The voice called for the killing of "those who are installed by foreign armies," a clear reference to the Iraqi leadership. He spoke of them jeeringly, calling them insignificant figures who could not "walk in the streets of Baghdad or any other Iraqi city."
A number of people working in the interim government, from judges to police officers to a member of the Governing Council, have been assassinated over the past few months.
An editor at Al Arabiya, which broadcast the tape, told the Reuters news agency that someone called and transmitted the recording over the telephone. The station put it on the air a few minutes later, the editor said.
The message appeared to have been recorded recently since it referred to a trip by members of the Iraqi council to neighboring countries that began today.

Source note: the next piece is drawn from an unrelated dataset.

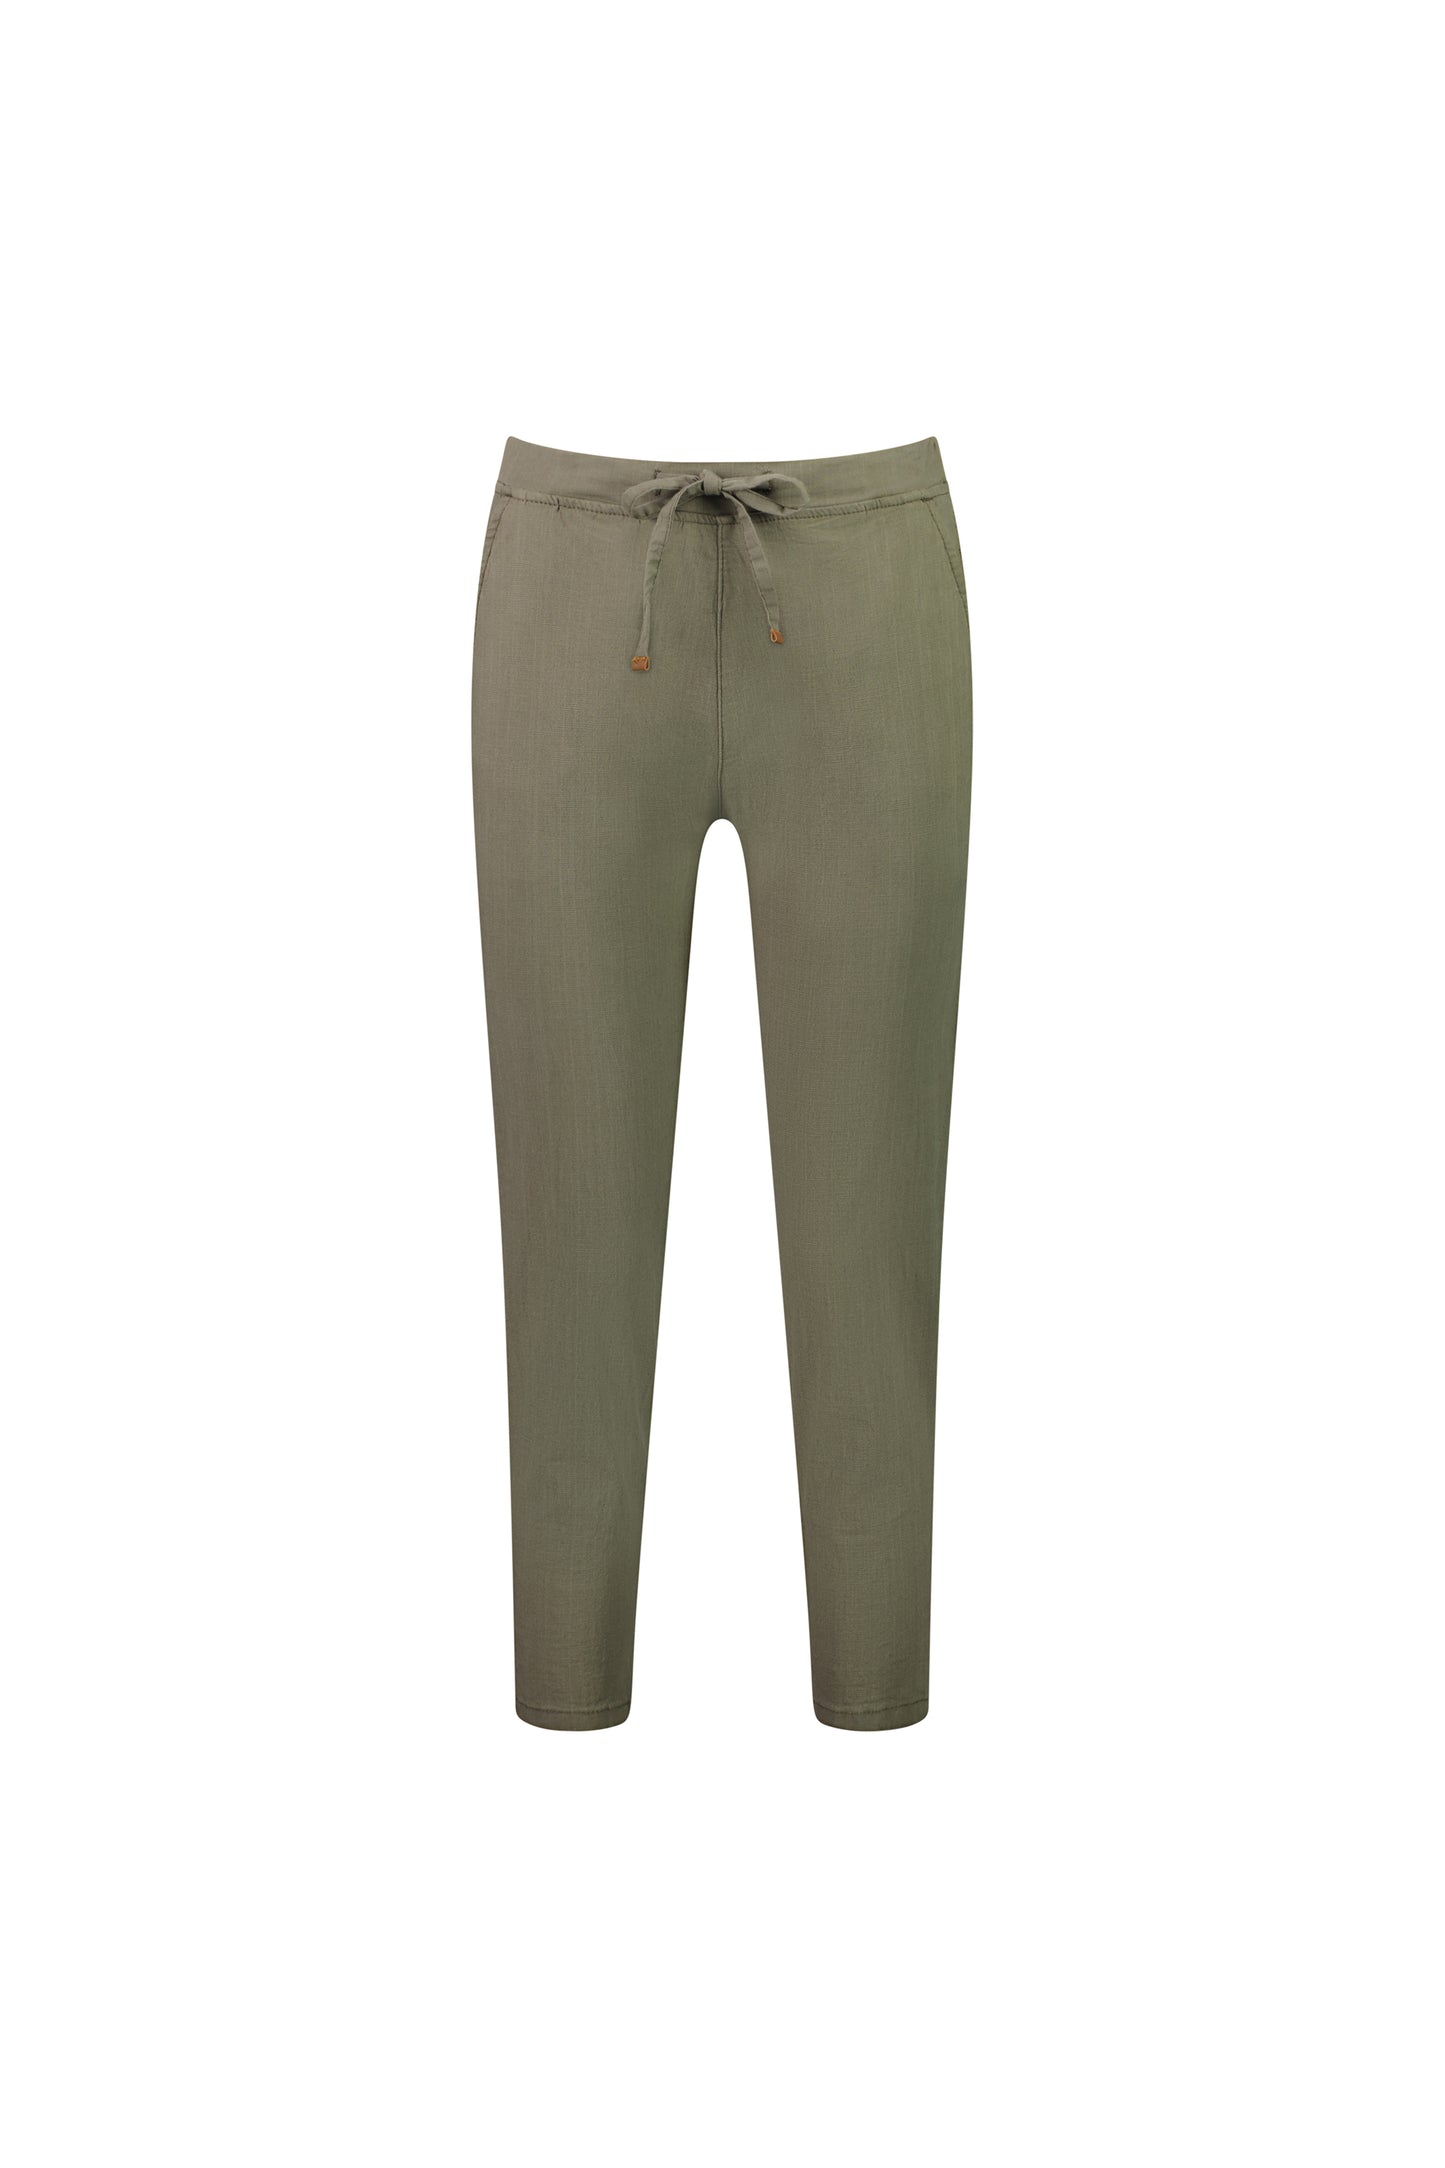 Vassalli 5790 - 7/8 Elastic Waist Pant Linen Look Alike  - 4 colourways - 50% OFF

As have previous tapes from Mr. Hussein, the voice in latest recording railed against Britain and the United States and promised that they would be driven from Iraq in humiliation.
"They said, and they imagined and made the world imagine, they were going on a picnic, that they were going to destroy weapons of mass destruction as a cover for their crime of implanting Zionism in the Arab world," the speaker said.
The voice also called on Iraqis to restore power to Mr. Hussein and his Baath Party, "the same individuals that people trusted for decades." The Baath Party ruled Iraq 35 years. In the seven months since its fall, Iraqis have murdered hundreds of Baath officials to take revenge for what they say were Mr. Hussein's mass executions and tyranny.
In Washington, President Bush dismissed the tape, which he said he had not yet heard, as "the same old stuff."
"It's propaganda," he said, "and we're not leaving until the job is done."